The binary images were piled and then generated an image of the frequency of fires in the study area, using Boolean sum techniques.

FIRE OCCURRENCES ACCORDING TO PLANT TYPOLOGIES AND SOIL USE

The layers of fire scars and fire frequency were overlapped on the plant typology and land use maps (Figure 2), using the QGIS geospatial intersection algorithm (overlay). The plant typology and land use map was provided by FUNAI, which had previously prepared it for the Socioenvironmental Impact Study of the Uruaçu-Vilhena Railroad (EF 354; CTI Indigenist Work Center) and identified seven classes based on the classification of the Brazilian Institute of Geography and Statistics (IBGE, 2012). Five plant typologies were found in the PBIL: agriculture, water bodies, arboreous savanna with riparian forest, arboreous savanna without riparian forest, dense savanna, park savanna with riparian forest, and Cerrado-Amazon transition forest.

Figure 2
Plant typologies and soil use map of the Pimentel Barbosa Indigenous Land.

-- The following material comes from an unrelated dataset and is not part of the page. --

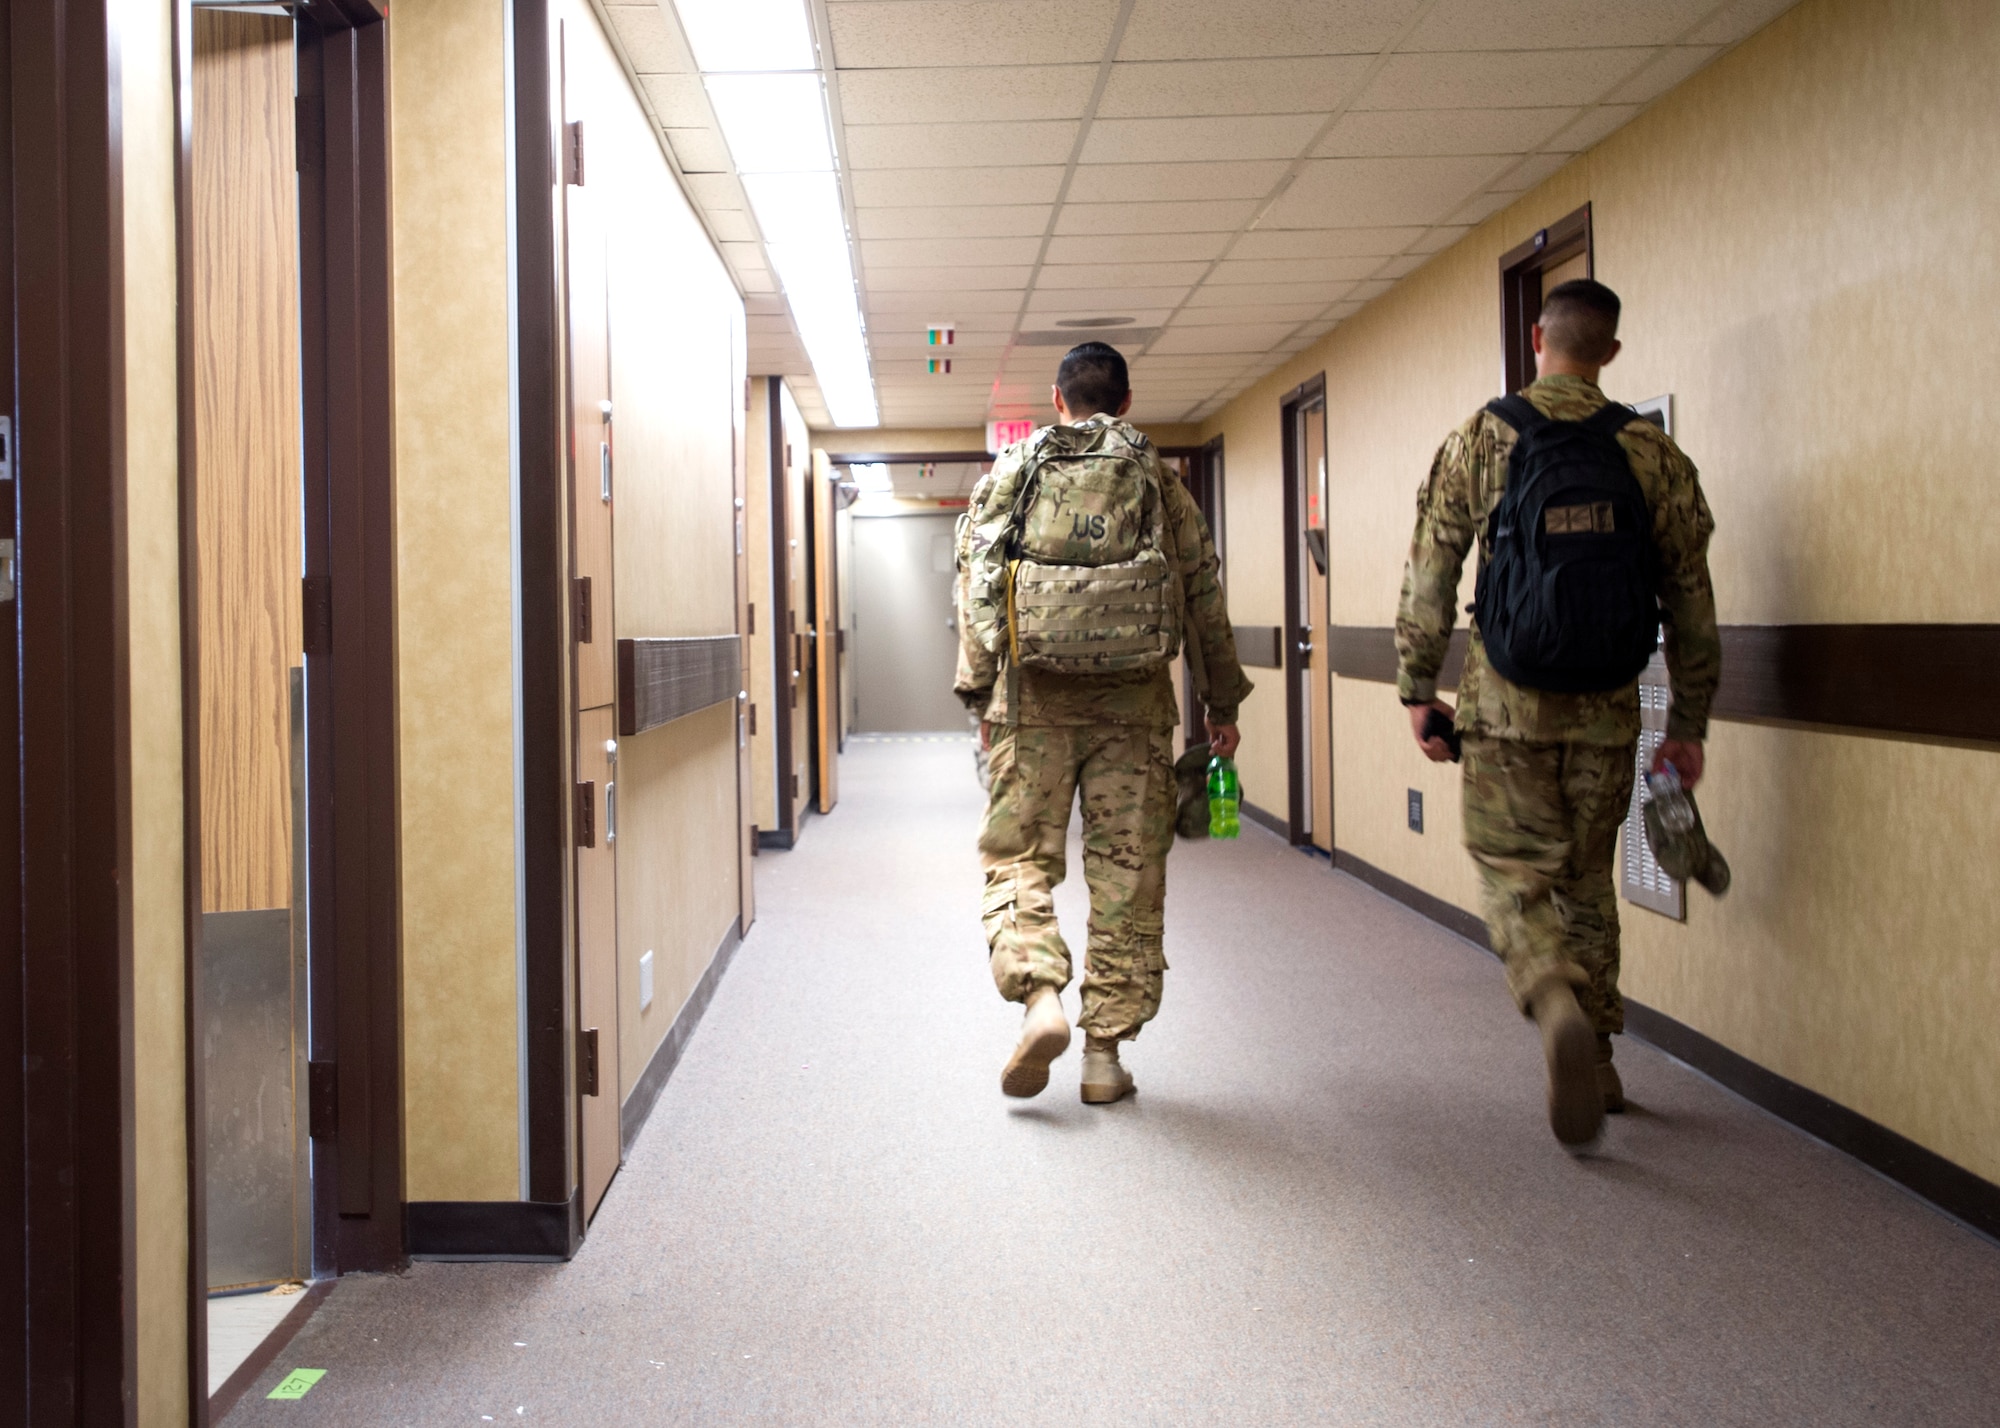 Soldiers walk to their assigned rooms on Sept. 2, at the old Wilford Hall Ambulatory Surgical Center on Joint Base San Antonio-Lackland, Texas. More than 500 soldiers are awaiting future deployment instructions at the old Wilford Hall in response to the devastation caused by Hurricane Harvey. (U.S. Air Force photo/Staff Sgt. Kevin Iinuma)

The map made by FUNAI (Portable Document Format, PDF) was georeferenced using the same coordinate reference system used for the other geospatial data (SIRGAS 2000 / UTM zone 22S) and was manually vectorized in the QGIS.

The results of the overlay were used to organize the data; each plant typology and soil use class was divided into three classes, considering the mean interval between the fire frequency in the study period, according to the area occupied in the PBIL. The classes established were: no occurrence, low frequency (1 to 8 incidences of burning), medium frequency (9 to 16), and high frequency (17 to 34).

RESULTS AND DISCUSSION

ANNUAL FIRE EVENTS

The 34-year study period had an intense fire regime, with fires recorded each year, affecting an area of approximately 5,047,664 ha (1,534.39%), considering the sum of extensions calculated for each year. This represents more than 15 times the total area of the PBIL. The annual number of fires and percentages are shown in Figure 3.

Figure 3
The burned areas in the Pimentel Barbosa Indigenous Land from 1984 to 2018 (except 2012).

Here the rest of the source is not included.